Once the variable <i>Trial</i> is also observed, both parents become dependent and the evidence about <i>Practice</i> does affect the marginal probability distribution of <i>Genetics</i>:

In [None]:
prob_good_genes_if_no_practice = olympic_infer.query(
                                        variables = ['Genetics'], 
                                        evidence = {'Practice':1})
print(prob_good_genes_if_no_practice['Genetics'])

prob_good_genes_if_no_practice_and_great_perf = olympic_infer.query(
                                        variables = ['Genetics'], 
                                        evidence = {'Practice':1,'Trials':2})
print(prob_good_genes_if_no_practice_and_great_perf['Genetics'])

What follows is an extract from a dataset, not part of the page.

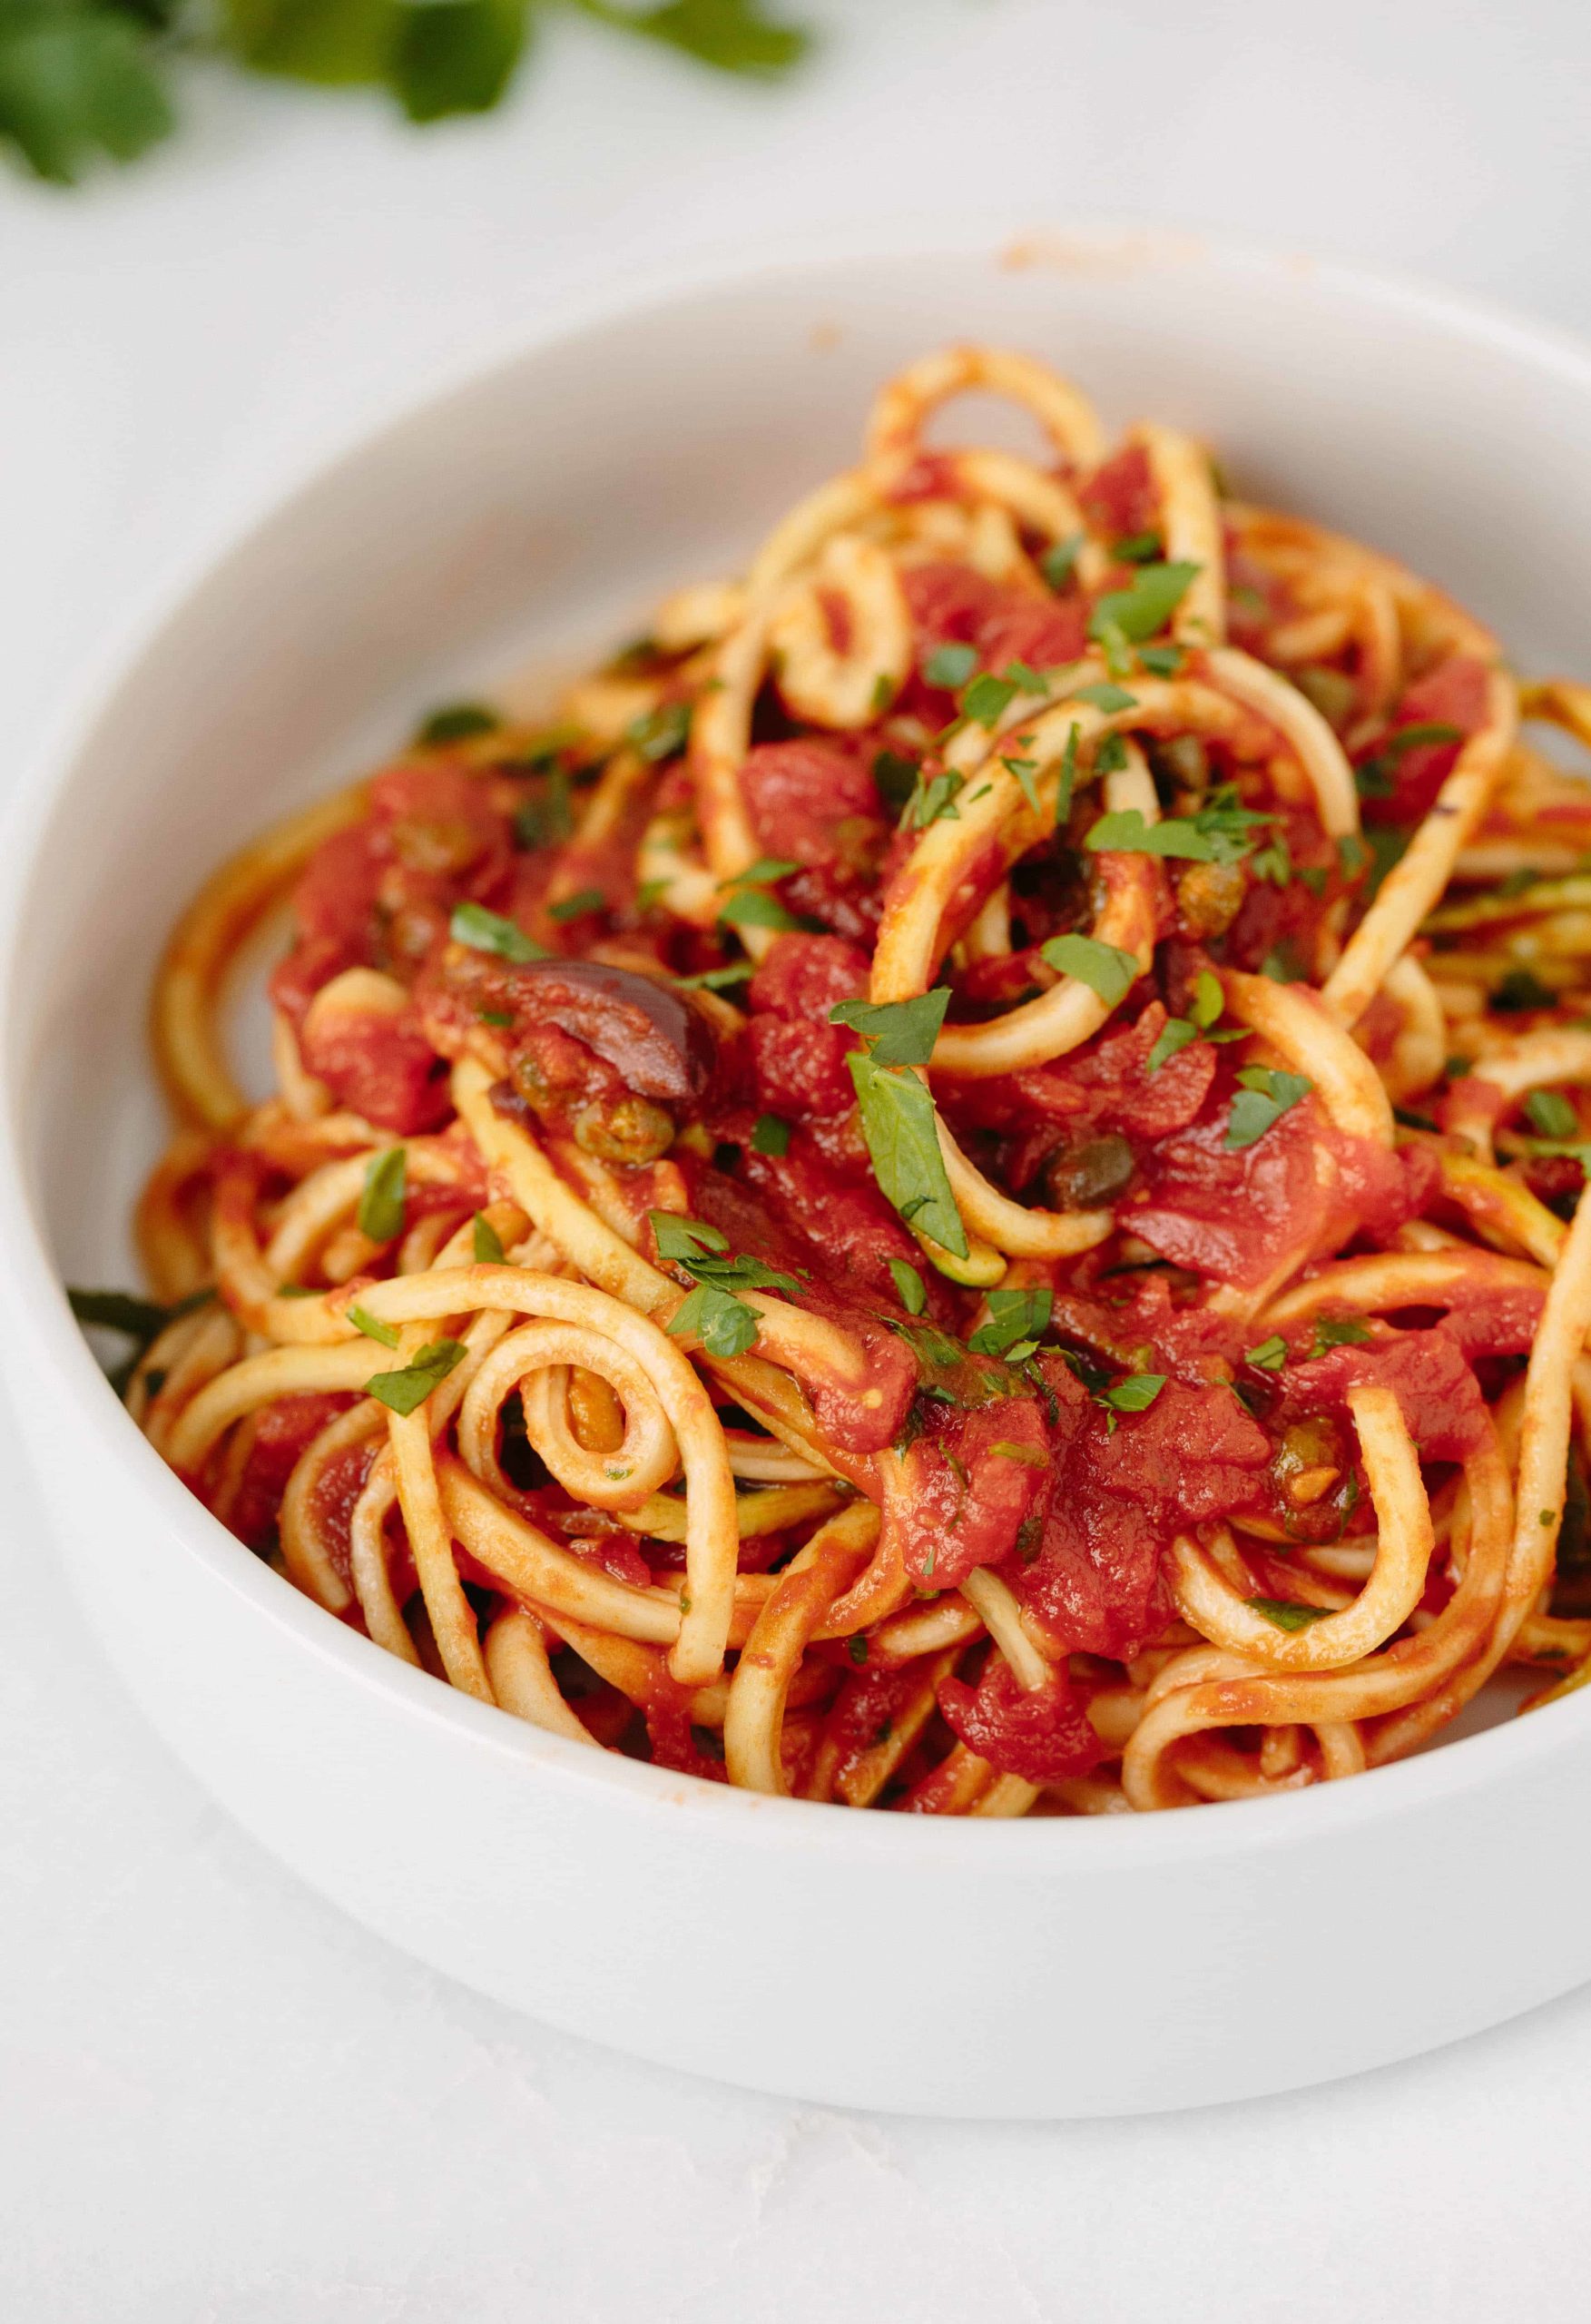 Inspiralized: Vegan Zucchini Spaghetti Puttanesca
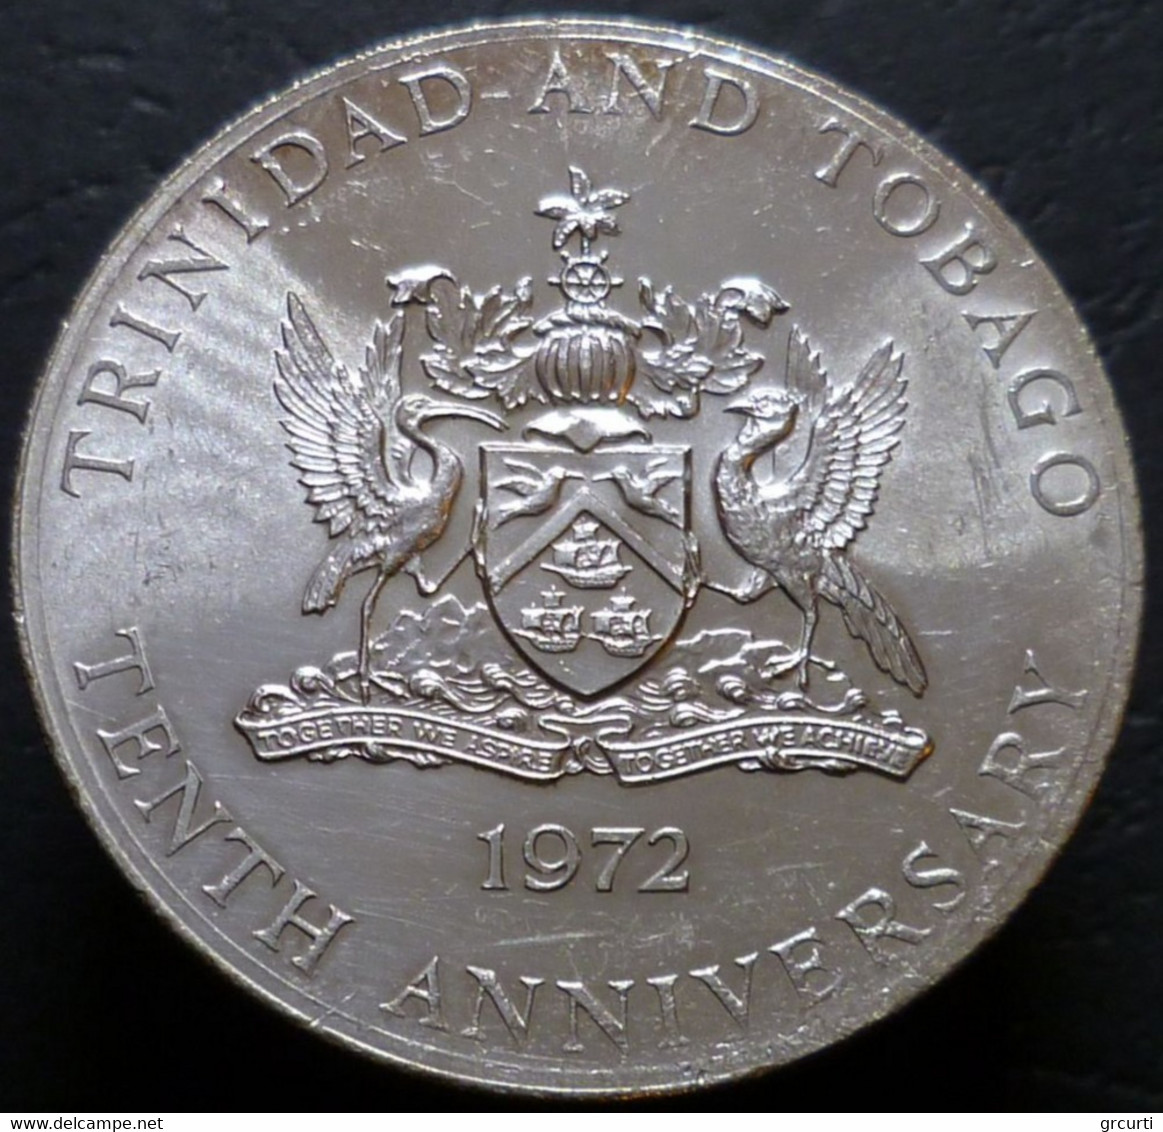 Trinidad & Tobago - 5 Dollars 1972 - KM# 15 - Trinidad & Tobago

As one can imagine, if someone performs great in the Olympic trials withtout practice, that person must have very favorable genetics!


<hr />

## Exercices

- Which is the probability of having a regular-performance trial for someone that does practice but has not appropriate genetics?

- Which is the probability of receiving an offer just having good genetics? And having bad genetics?

- Which is the probability of requiring large practice for having a great performance in the Trials without appropriate genetics?